A version of that premiere, currently known as Views, has already been choreographed. Cunningham created it as a work for video over the summer. When he first tried this approach, back in 1981, the result turned out to be one of his greatest masterworks, Channels/Inserts.

At that time, confronting video was a radical departure for any serious choreographer. In the early 1980s most choreographers, to say nothing of the majority of viewers, were still exceedingly leery of video and of the ways in which it tends to distort stage movement. Cunningham proved that it could be a valuable new way to approach, arrange and articulate dancing.

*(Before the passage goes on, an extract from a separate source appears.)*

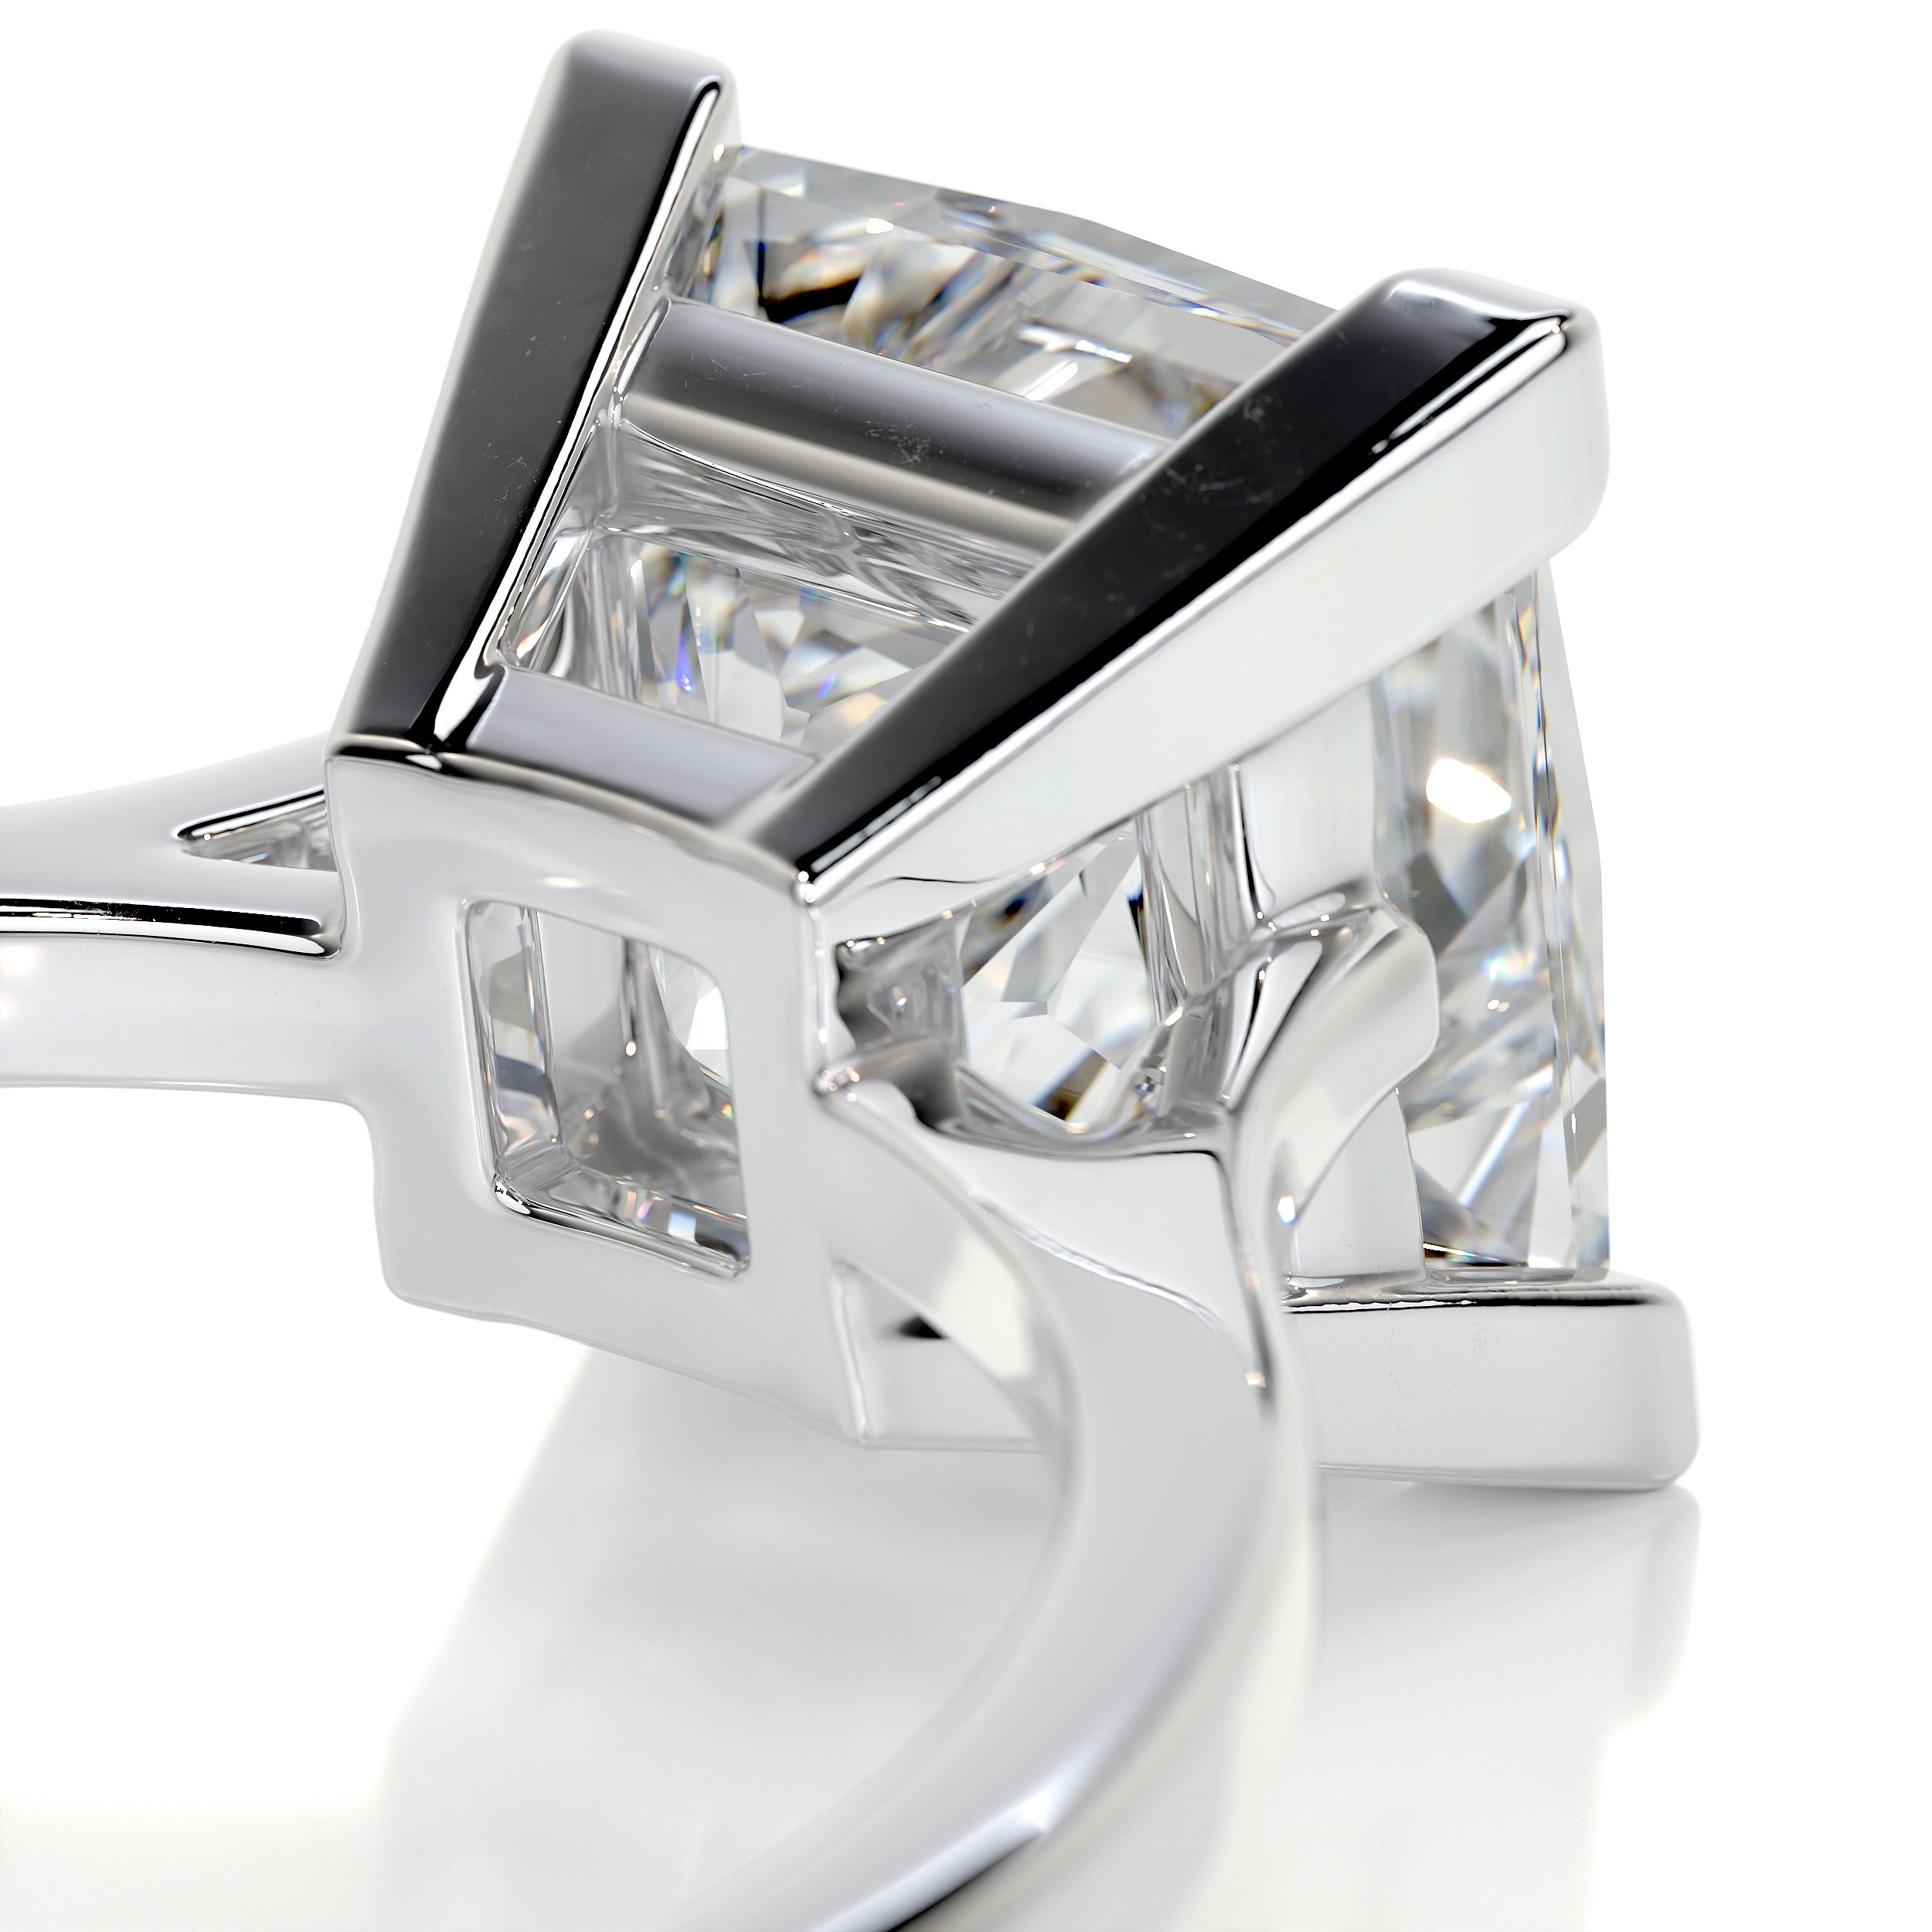 Ella Diamond Engagement Ring -Platinum

‘We look faster now,’ he says. ‘That’s thanks to TV. It allows the eye to see things in a different way.’

And different ways of seeing have always been at the centre of Cunningham’s career. He loves taking chances, loves capturing the unexpected:
‘I don’t see the point of having it all plotted out before you begin,’ he says. ‘It is interesting to me how chance works. It keeps producing things that you have to deal with in a way you never have before. It’s in the moment.’

Cunningham’s moments have produced things that no one else had ever imagined. His dances can take us somewhere we have never been before. He retains his claim as the most radical, fresh and progressive kid on the block. The whip-lash alacrity and agile daring of his choreography often makes his creative great-grandchildren look like a bunch of fuddy-duddies.

He bursts into a raucous chuckle as he tells a joke on himself about his own lack of imaginative creativity. He’s recounting the days when he first started working with video. ‘Charlie [Atlas, designer and video director] kept saying “look at this,” but I would…’ Cunningham does a fast little bob and weave demonstration as he recalls that while Atlas was urging him to look through the camera’s lens, he would continue to pop up from behind the camera to see what was happening in the studio instead. ‘It’s all about learning. Learning how to see. And there are so very many different ways of doing that, aren’t there?’